HData delivers instant insights from energy sector data by automatically calculating industry-specific Key Performance Indicators (KPI)s.
The Federal Energy Regulatory Commission’s adoption of XBRL means every number becomes individually searchable and downloadable. HData Hub, developed by financial analytics market leader idaciti, is the only compliance platform that allows energy companies to analyze the newly released regulatory data, automatically calculate metrics and KPIs, and save searches which run continuously and update as new filings come in.
The Data Hub offers users access to explore and compare data from FERC filings, which, up until now, has not been available anywhere else. Most importantly, the Data Hub enables energy companies, regulators, and investors to leverage and derive insights from publicly available information without countless wasted hours copying and pasting numbers from documents.
For example, here’s a quick chart of Net Income as reported by 21 electric utilities during the same periods from 2010 to 2020, created using the Data Hub. Without the Data Hub, this chart would have required a user to separately search for 840 different PDF documents on the FERC’s website, download each of them, wade through dozens of pages, find the correct line items within balance sheets, transcribe those numbers to a spreadsheet, and create an edit a visualization. The Data Hub accomplished this in a few seconds.
Here are just a few energy sector KPIs that can be automatically compiled, surfaced, and shared using HData Hub:
For Electric Utilities: Rate Base
Rate base is the value of the assets from which a utility provides electric or natural gas service, and upon which the company is allowed to earn a rate of return. It includes generation, transmission, and distribution infrastructure.

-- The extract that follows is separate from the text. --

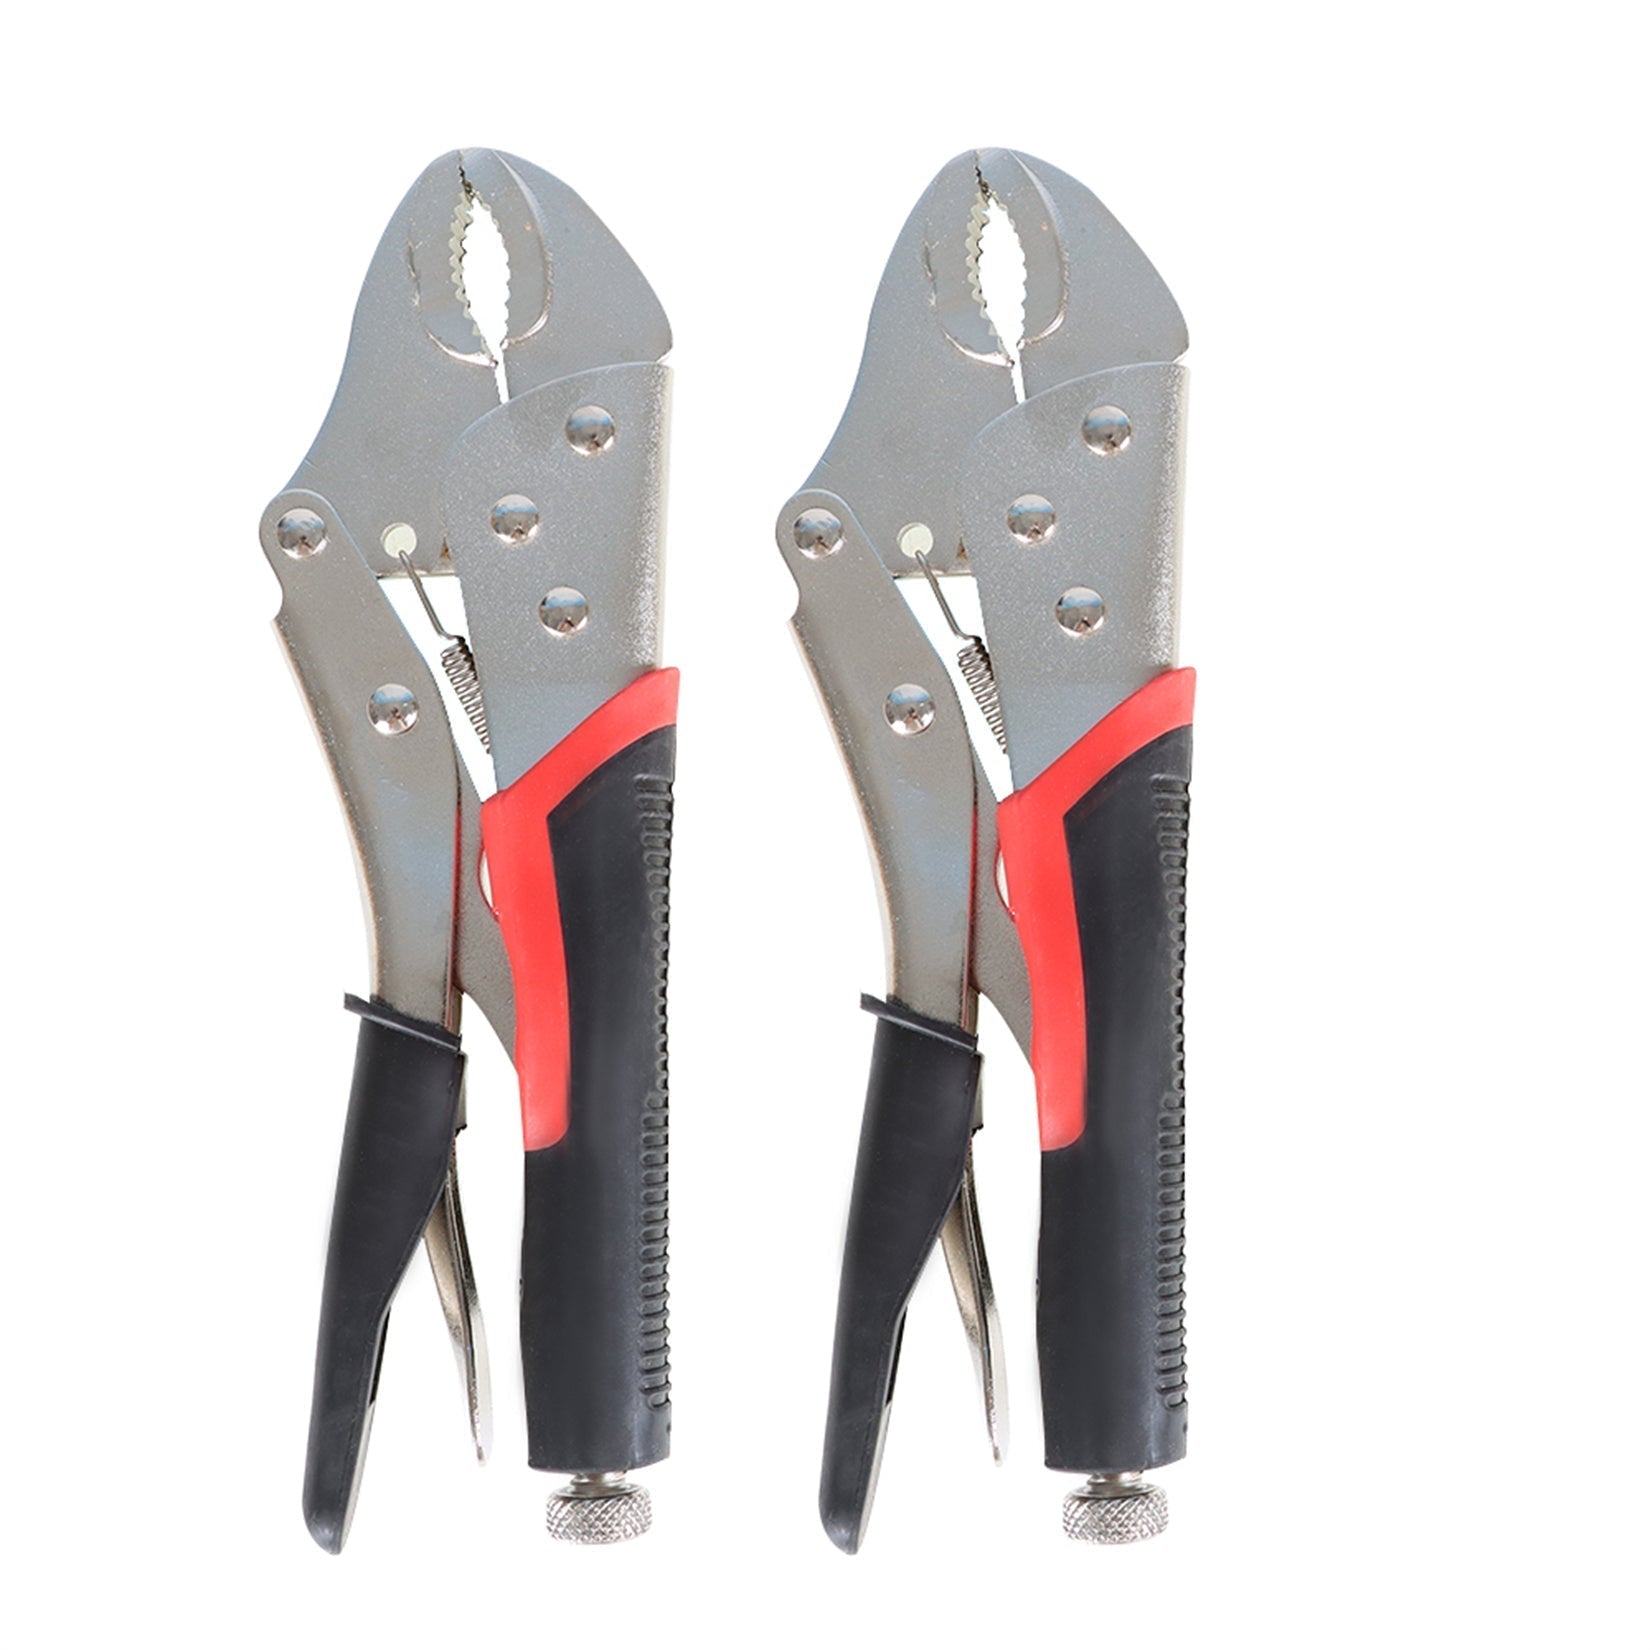 findmall  2Pcs 10 Inch Torque Lock Curved Jaw Locking Plier Set Chrome-vanadium Steel Fast Setup Easy Release for Home Shop Workshop and Automotive Use FINDMALLPARTS

For example, the calculation would include the value of a power plant but exclude the value of an office building. The ability to calculate rate base is key in the determination of a utility's revenue requirement. Given a utility’s rate base, state regulators permit the utility to earn a certain rate of return on their assets.
For example, in 2018 Unitil’s rate base was $359 million. Portland General’s was $9.5 billion. NV Energy’s was $4.5 billion. The HData Hub calculated these numbers in seconds.
For Electric Utilities: Transmission Line Cost Per Mile
Electric utilities compare their efficiency, among other ways, by tracking their transmission line maintenance costs per mile of transmission line. The HData Hub can automatically pull transmission line maintenance expense and transmission line miles from FERC Forms and divide the one by the other, deriving a key efficiency KPI in seconds.
Former FERC Chairman Jon Wellinghoff joined HData CEO Hudson Hollister to discuss how the HData Hub can help utilities, pipeline companies, regulators, and others by applying data analytics to FERC form data:
For Oil Pipelines: Expenses Per Barrel Mile
Oil pipelines gauge their efficiency against competitors’ by tracking operating expenses against their throughput, tracked in barrel miles. The HData Hub can track operating expenses divided by barrel mile for every FERC-regulated pipeline. Oil pipelines sometimes remove property taxes from this calculation in order to minimize the impact of jurisdiction-specific considerations on efficiency; the Data Hub can handle that, too.
For Oil Pipelines: Maintenance Expense Per Pipeline Mile
As a measure of the maintenance costs of a pipeline’s physical infrastructure, the HData Hub can automatically calculate maintenance expenses divided by miles of pipe.
For All FERC Filers: Cost Allocation
Changes in cost allocation, particularly large proportional changes, can be potential red flags for regulators. For example, if an electric utility’s maintenance expenses decreased during a time period of extreme weather, a regulator might suspect that the utility overstated those expenses in previous periods. The HData Hub can be configured to automatically surface such anomalies - so that you can notice them before your regulators do.